In the last blog post we showed you how to use Amazon SageMaker. So read that one before you read this one because there we show screen prints and explain how to use the graphical interface of the product, including its hosted Jupyter Notebooks feature. We also introduced the SageMaker API, which is a front end for Google TensorFlow and other opensource machine learning APIs. Here we focus more on the code than how to use the SageMaker interface.
In the last example we used k-means clustering. Here we will do logistic regression. Amazon calls their linear regression and logistic regression algorithms Linear Learner. The complete code for this blog post example is here.
We take the simplest possible example using data from Wikipedia. This is much easier than the examples provided by Amazon which use very large datasets and are geared toward handwriting recognition, etc. Most business problems are not handwriting recognition, but more everyday tasks, like preventive maintenance.
Here we only have 20 data records. That is too small to split the data into train, test, and validation data sets. So we will use the training data only and skip the validation step. Of course in a real world scenario you would want to validate how accurate your model is.
The data below shows what is the likelihood that a student will pass a certain test given how many hours they study.
Hours | 0.50 | 0.75 | 1.00 | 1.25 | 1.50 | 1.75 | 1.75 | 2.00 | 2.25 | 2.50 | 2.75 | 3.00 | 3.25 | 3.50 | 4.00 | 4.25 | 4.50 | 4.75 | 5.00 | 5.50 |
Pass | 0 | 0 | 0 | 0 | 0 | 0 | 1 | 0 | 1 | 0 | 1 | 0 | 1 | 0 | 1 | 1 | 1 | 1 | 1 | 1 |
Normally you would read the data from a .csv file.
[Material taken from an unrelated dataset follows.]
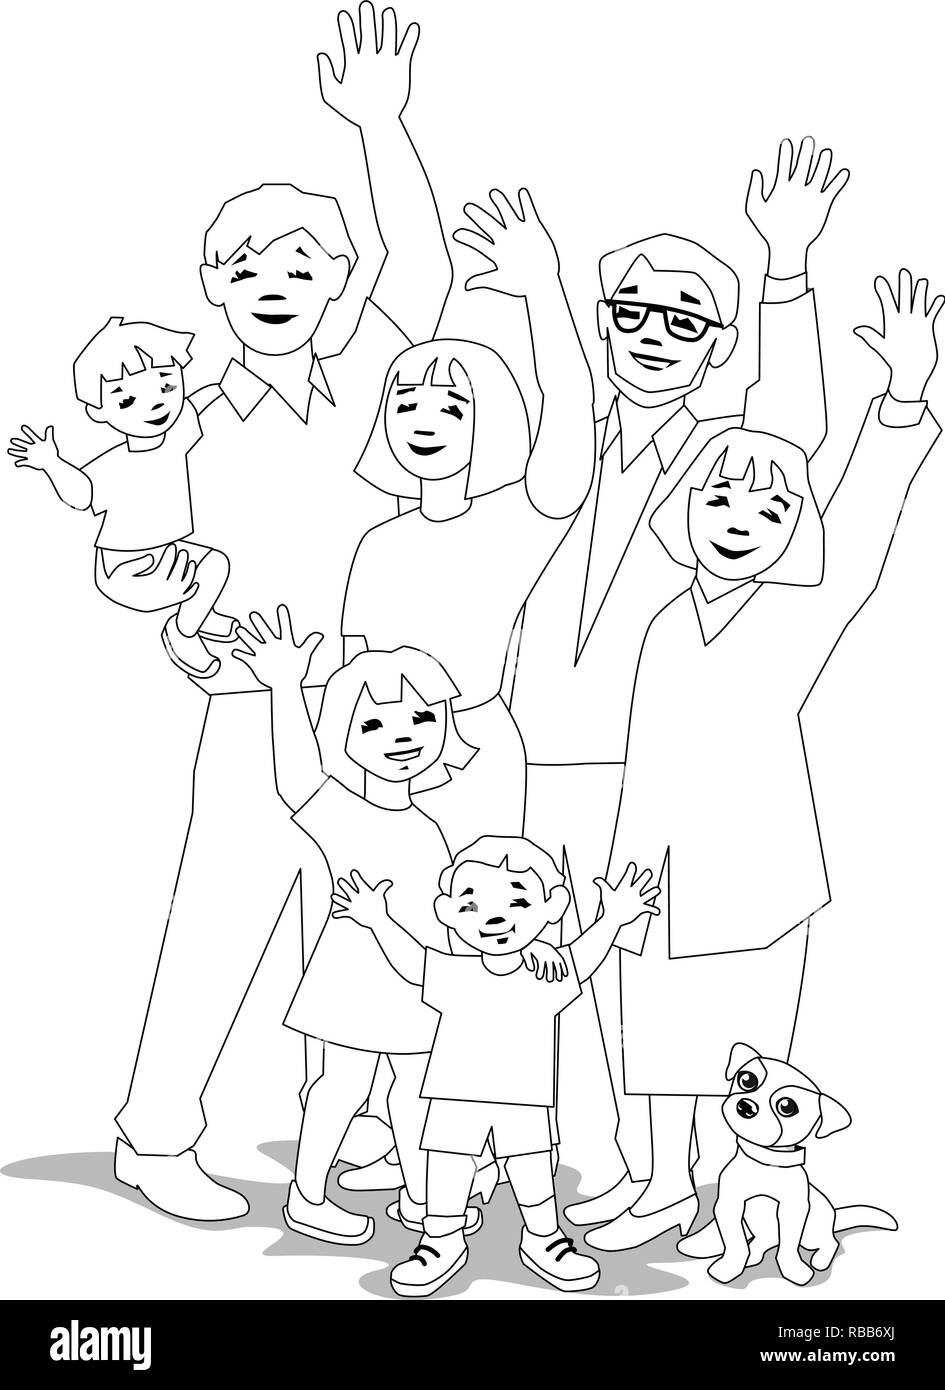 Family Cartoon Black and White Stock Photos & Images - Alamy

But there are so few records we can put this right into the code. So create a condaPython3 notebook in SageMaker and paste in the following code.
Below we take the grades and pass-fail and make a tuple:
study=((0.5,0),(0.75,0),(1.0,0),(1.25,0),(1.50,0),(1.75,0),(2.0,0),(2.25,1),(2.5,0),(2.75,1),(3.0,0),(3.25,1),(3.5,0),(4.0,1),(4.25,1),(4.5,1),(4.75,1),(5.0,1),(5.5,1))
Then we convert this to a numpy array. It has to be of type float32, as that is what the SageMaker Linear Learner algorithm expects.
We then take a slice and put the labels (i.e., pass-fail) into the field labels. The Linear Learner algorithms expects a features matrix and labels vector.
import numpy as np a = np.array(study).astype('float32') labels = a[:,1]
In the last example we used the record_set() method to upload the data to S3. Here we use the algorithms provided by Amazon to upload the training model and the output data set to S3.
Create a bucket in S3 that begins with the letters sagemaker. Then Amazon will create the subfolders, which in needs, which in this case are sagemaker/grades and others. It is important that you create the S3 buckets in the same Amazon region as your notebook. Otherwise Amazon will throw an error saying it cannot find your data. See the note below on that.
Copy this text into a notebook cell and then run it.
import boto3 sess = sagemaker.Session() bucket = "sagemakerwalkerlr" prefix = "sagemaker/grades" buf = io.BytesIO() smac.write_numpy_to_dense_tensor(buf, a, labels) buf.seek(0) key = 'linearlearner' boto3.resource('s3').Bucket(bucket).Object(os.path.join(prefix, 'train', key)).upload_fileobj(buf) s3_train_data = 's3://{}/{}/train/{}'.format(bucket, prefix, key) print('uploaded training data location: {}'.format(s3_train_data)) output_location = 's3://{}/{}/output'.format(bucket, prefix) print('training artifacts will be uploaded to: {}'.format(output_location)
Amazon will respond:
uploaded training data location: s3://sagemakerwalkerml/sagemaker/grades/train/linearlearner training artifacts will be uploaded to: s3://sagemakerwalkerml/sagemaker/grades/output
Below we copy the code from Amazon that tells it which Docker container to use and which version of the algorithm. Here we use version latest. Below I put Amazon zone us-east-1 because this is where I created my notebook. You can look at other examples of Amazon code to get the name of the 4 containers and which Docker containers to use.)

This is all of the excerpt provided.